Autre concession «forte», selon Pierre-Yves Maillard: «nous avons admis que les équipements déjà installés pourront être renouvelés sans contrôle de l'Etat», a-t-il expliqué. Une commission cantonale d'évaluation, réunissant tous les partenaires, sera chargée de préaviser la mise en service de tout nouvel équipement.

Une démarche qui a du sens

La démarche est «délicate, mais elle a du sens», a relevé Catherine Labouchère (PLR), présidente de la Fédération des hôpitaux vaudois (FHV). Les députés ont voté l'entrée en matière par 75 voix contre 36 (une partie des UDC et quelques PLR) et 12 abstentions. Ils ont terminé le premier débat. Le deuxième suivra dans une ou deux semaines.

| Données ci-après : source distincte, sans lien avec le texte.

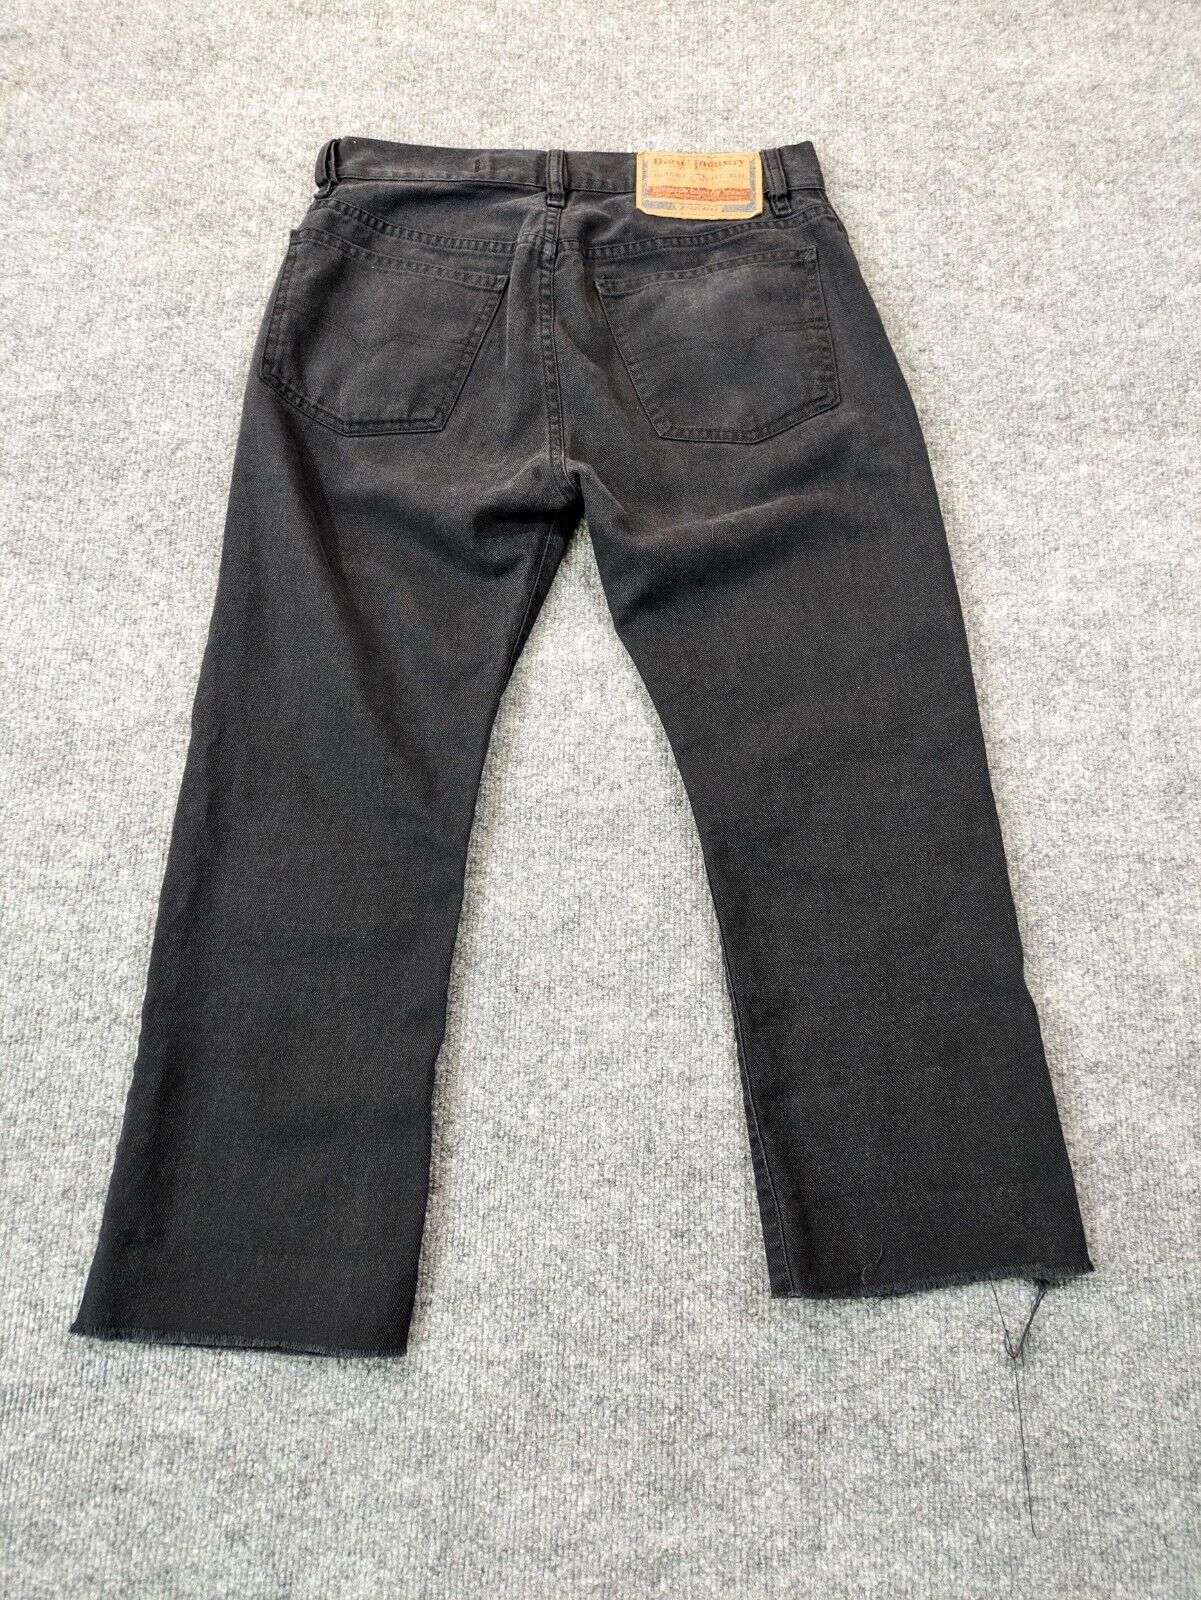 Diesel Industry 29x21 Fanker Faded Y2K Jeans Made In Italy Casual Black

Le décret permettra d'empêcher l'acquisition d'équipements qui ne correspondent pas à des besoins avérés. Les équipements figurent dans une liste précise, et comprennent notamment les IRM, les CT-scan (scanners à rayons x), l'angiographie digitalisée, les appareils de radiothérapie de plus d'un million de francs et les blocs opératoires de plus de deux millions.

Cliniques privées visées

Quelques voix critiques se sont élevées: le PLR Frédéric Borloz a dit douter que la mesure fasse baisser les primes maladie. «Ne nous leurrons pas, les cliniques privées sont visées. Etes-vous sûrs que le Conseil d'Etat est le meilleur juge pour décider quels équipements sont nécessaires?», a-t-il lancé.

Cette régulation conduira à un allongement des délais d'accès aux examens. «Le remède sera pire que le mal», selon Michaël Buffat (UDC). Il s'agit d'une «intrusion de l'Etat dans le domaine privé», a renchéri Alice Glauser (UDC). Cela annonce «un avenir de files d'attente et de prise en charge médiocre des patients», selon la PLR Véronique Hurni.

«Si quelqu'un peut prendre en photo une file d'attente quelconque devant un institut de radiologie quelconque, qu'il me l'envoie», a répliqué le médecin et député PLR Philippe Vuillemin. On a assez d'équipements, ce qui manque, c'est le personnel qualifié pour utiliser ces appareils hautement perfectionnés, a-t-il ajouté. Les députés ont terminé mardi le premier débat.